Quickstart
This guide walks you through a minimal, end-to-end AutoMIL workflow: from preparing your data to running a first model evaluation. It is intended to provide a high-level overview of the typical AutoMIL pipeline.
Dataset Infos
For the purposes of this demonstration, we use an example set of whole-slide images from The Cancer Genome Atlas Program (TCGA) consisting of lung tissue samples.
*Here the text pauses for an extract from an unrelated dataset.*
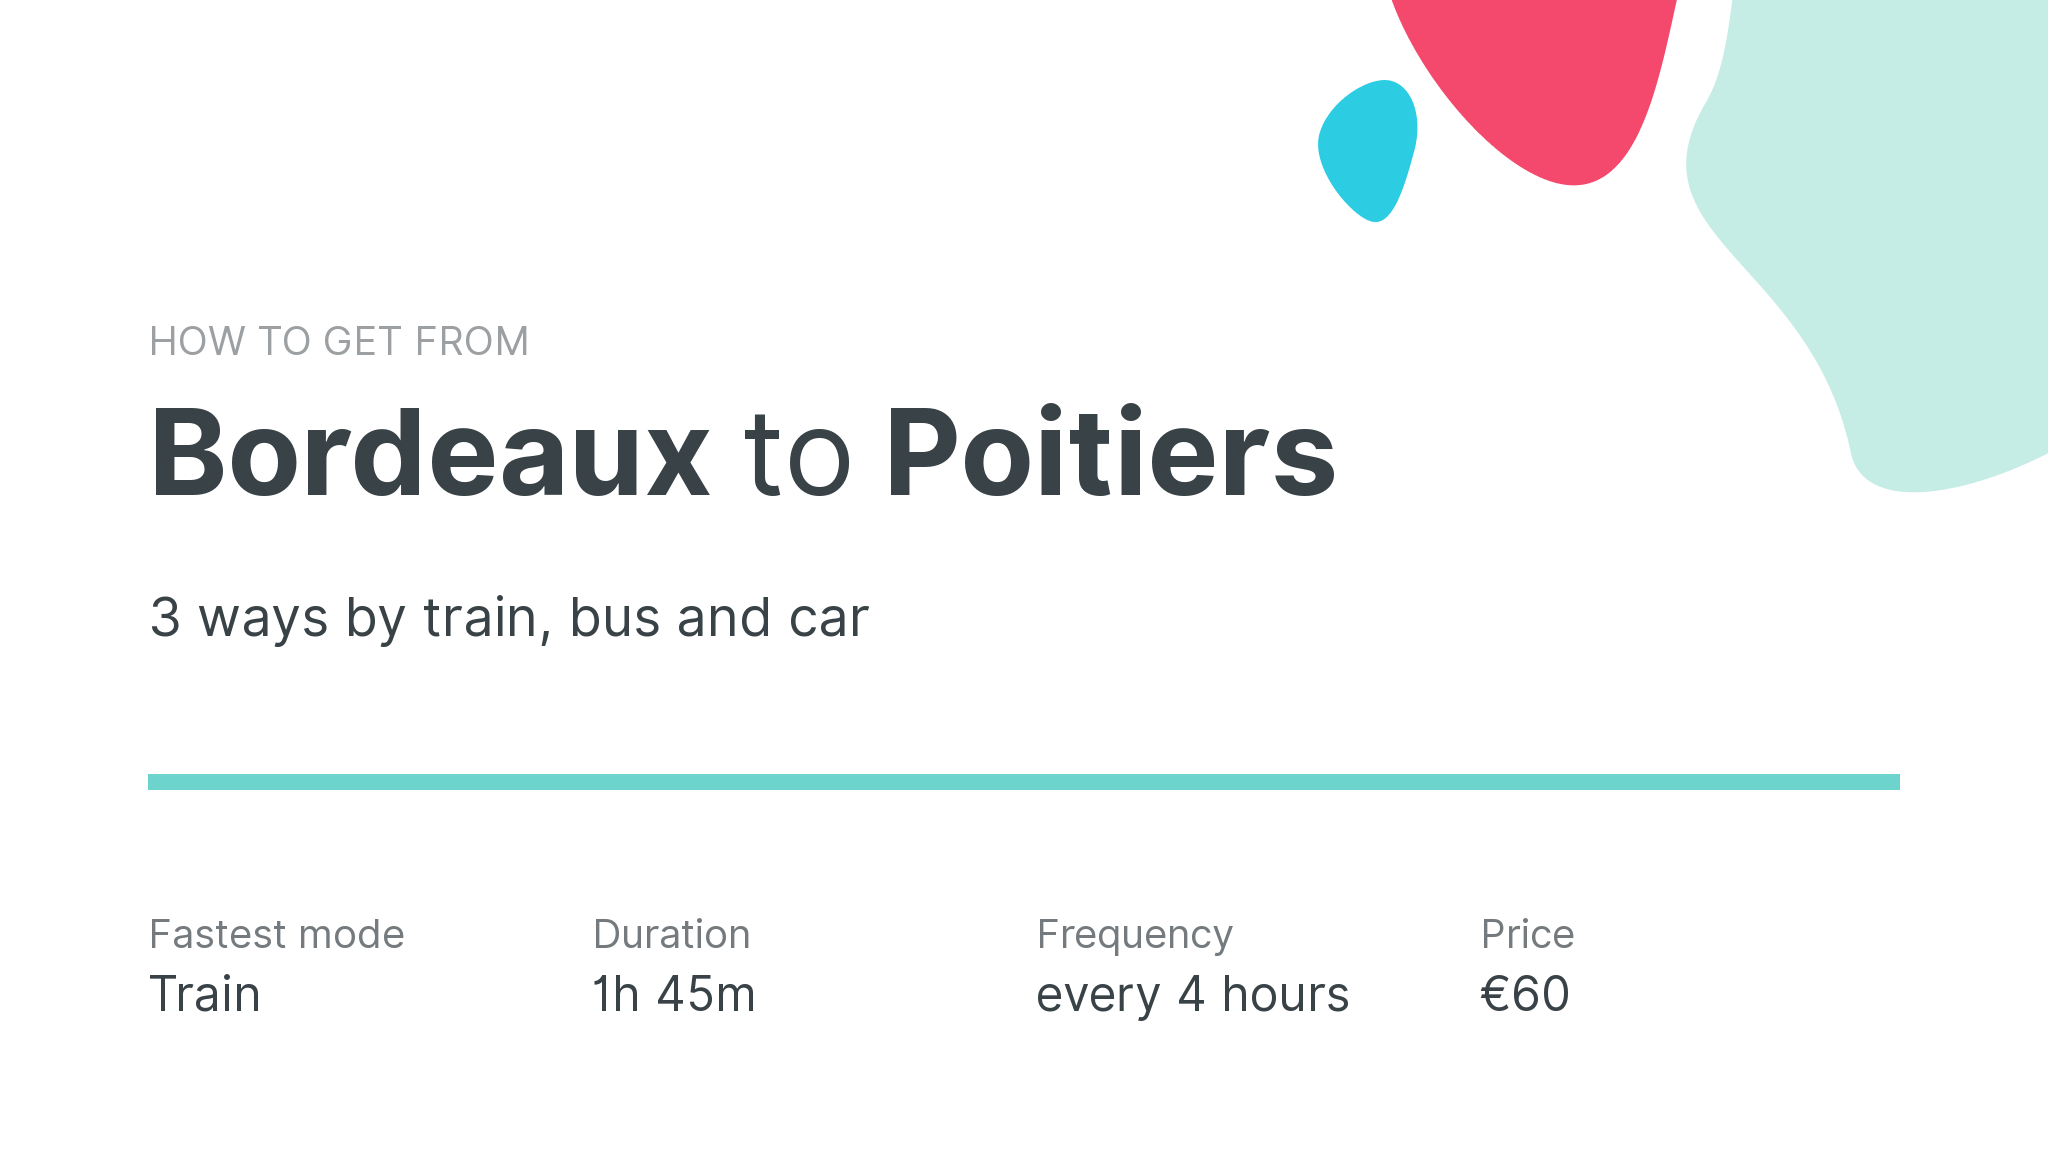 How do I get from Bordeaux to Poitiers

This dataset can be downloaded via slideflows project module, which provides the slides in the form of a preconfigured project named LungAdenoSquam. Since the indiviual image files are quite large and the full project contains 941 slides, we restrict this example to a randomly sampled subset of 100 slides. The subset can be replicated using this annotation file. Provide this file to slideflows API to make sure only the annotated slides are downloaded:
#!/usr/bin/env python3
import slideflow as sf
from slideflow.project_utils import LungAdenoSquam
if __name__ == "__main__":
project = sf.create_project(
root='LungAdenoSquam',
cfg=LungAdenoSquam().__dict__,
annotations="path/to/lung_labels.csv",
download=True
)
(Optional) 1. Activate Your Environment
If you installed AutoMIL in a virtual environment, ensure your venv is activated before running AutoMIL.
source .venv/bin/activate
2. Prepare the Dataset
AutoMIL expects your WSI dataset to consist of slide images in one of many supported formats (.tiff, .svs, .tif etc) and a file containing slide-level label information
A minimal dataset consists of:
- A directory containing slide images
- A .csv metadata file with slide-level annotations
Example directory structure:
./LungAdenoSquam/
├── slides/
├── TCGA-05-4430-01Z-00-DX1.95659bbb-3091-4370-bc1d-6c6c1baa7b3d.svs
├── TCGA-55-A48Z-01Z-00-DX1.0867DC6A-2A51-4CF1-AE3F-0526CE2DD740.svs
├── TCGA-55-A4DG-01Z-00-DX1.9CE9B7BE-48EF-44F1-9C25-F15700A3E5DE.svs
└── ...
└── lung_labels.csv
With annotations.csv:
patient,subtype,site,slide
TCGA-05-4430,adenocarcinoma,Site-61,TCGA-05-4430-01Z-00-DX1.95659bbb-3091-4370-bc1d-6c6c1baa7b3d
TCGA-55-A48Z,adenocarcinoma,Site-67,TCGA-55-A48Z-01Z-00-DX1.0867DC6A-2A51-4CF1-AE3F-0526CE2DD740
TCGA-55-A4DG,adenocarcinoma,Site-67,TCGA-55-A4DG-01Z-00-DX1.9CE9B7BE-48EF-44F1-9C25-F15700A3E5DE
3. Run the basic training pipeline
To train a basic Attention_MIL model on the dataset, run the automil train command with default parameters:
automil train ./LungAdenoSquam/slides ./LungAdenoSquam/lung_labels.csv results -v -lc "subtype" -sc "slide"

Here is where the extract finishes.